How The Last Emperor opened doors for more China co-productions and offered a balanced view of its complicated past
- Bernardo Bertolucci’s 1987 epic was the first to be made with the Chinese government’s support, and the first allowed to shoot inside Beijing’s Forbidden City
- It portrayed the life of China’s last monarch, Puyi, and has been hailed for its frank insights on the political history of China

Bernardo Bertolucci’s The Last Emperor (1987) is a film of many firsts.
An epic drama about the life of China’s last monarch, Puyi (1906-1967), it was the first Western movie to explore modern Chinese politics in detail; the first to be made with the Chinese government’s support; and the first allowed to shoot inside Beijing’s Forbidden City.
It also won Oscars for all nine of the categories in which it was nominated, a record only beaten by The Lord of the Rings: The Return of the King, which won 11 out of 11 in 2003.
Although not an official co-production – the US$25 million budget was raised independently by producer Jeremy Thomas from outside China – the film pioneered a mode of international cooperation that would flourish in years to come.
After all, you don’t get much more cosmopolitan than a film directed by an Italian, produced by an Englishman and shot in Asia – in English.
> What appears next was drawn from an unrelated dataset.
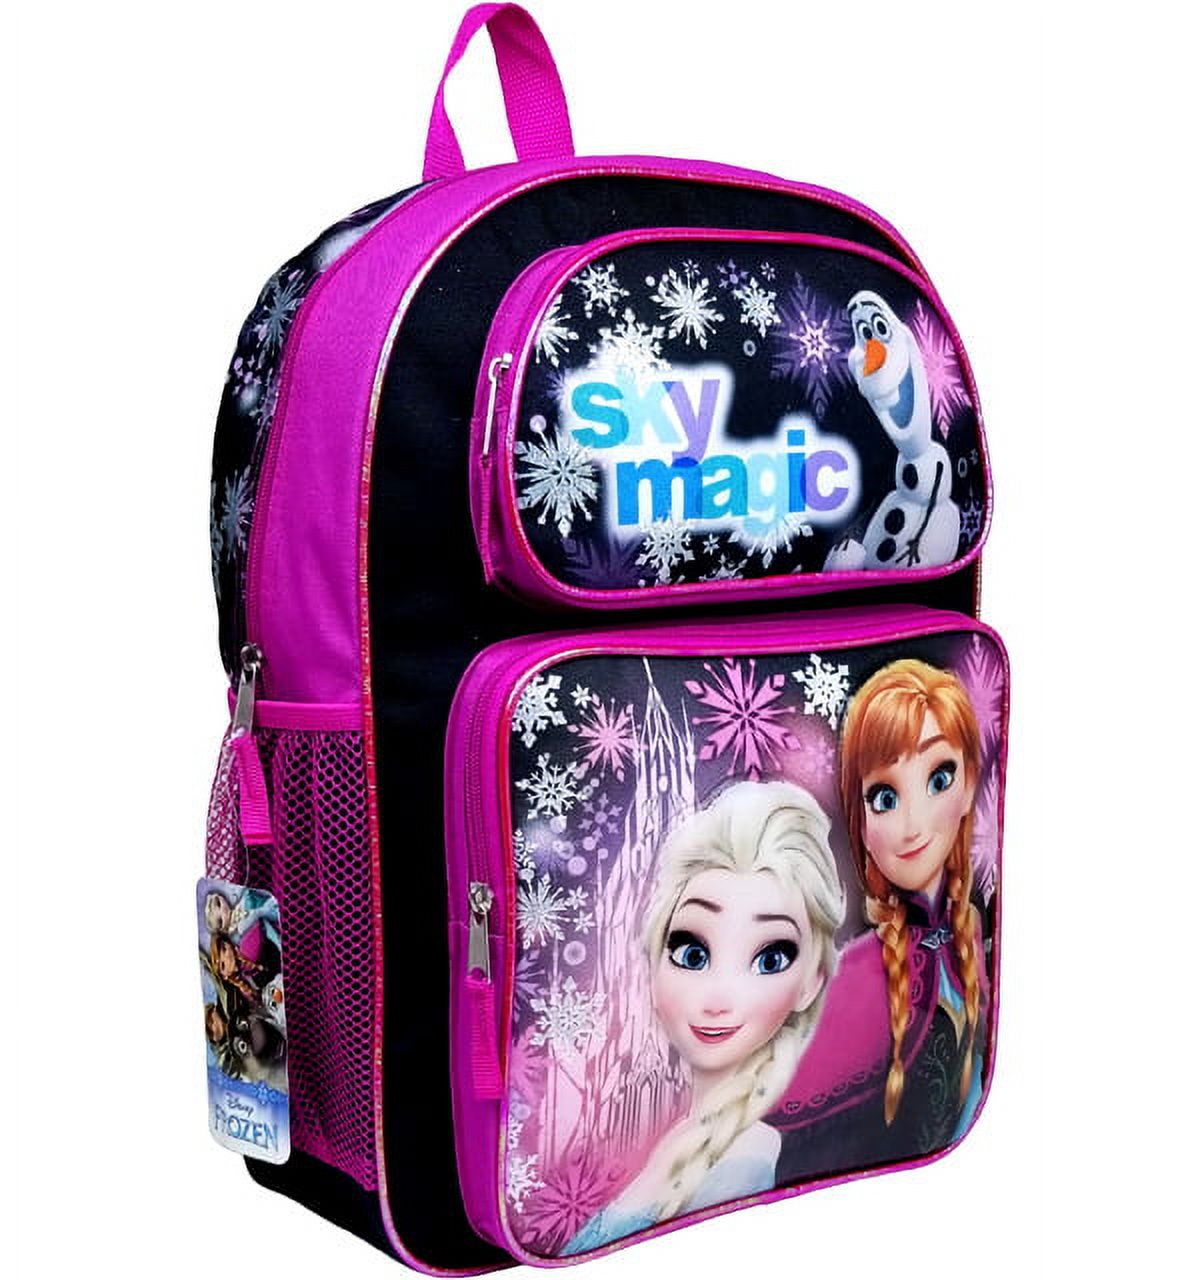 Disney Frozen Sky Magic Black Girls Large Backpack/School Book Bag for Kids - image 3 of 3

We first meet the forty-something Puyi (John Lone) as he arrives at Fushun Prison, a “management centre” for war criminals, in 1950. The film then cuts back to his youth in the Forbidden City in the early 1900s, where the young Puyi (played at different ages by Richard Vuu, Tijger Tsou and Wu Tao) is crowned emperor and confined to the palace as new regimes rise and fall around him.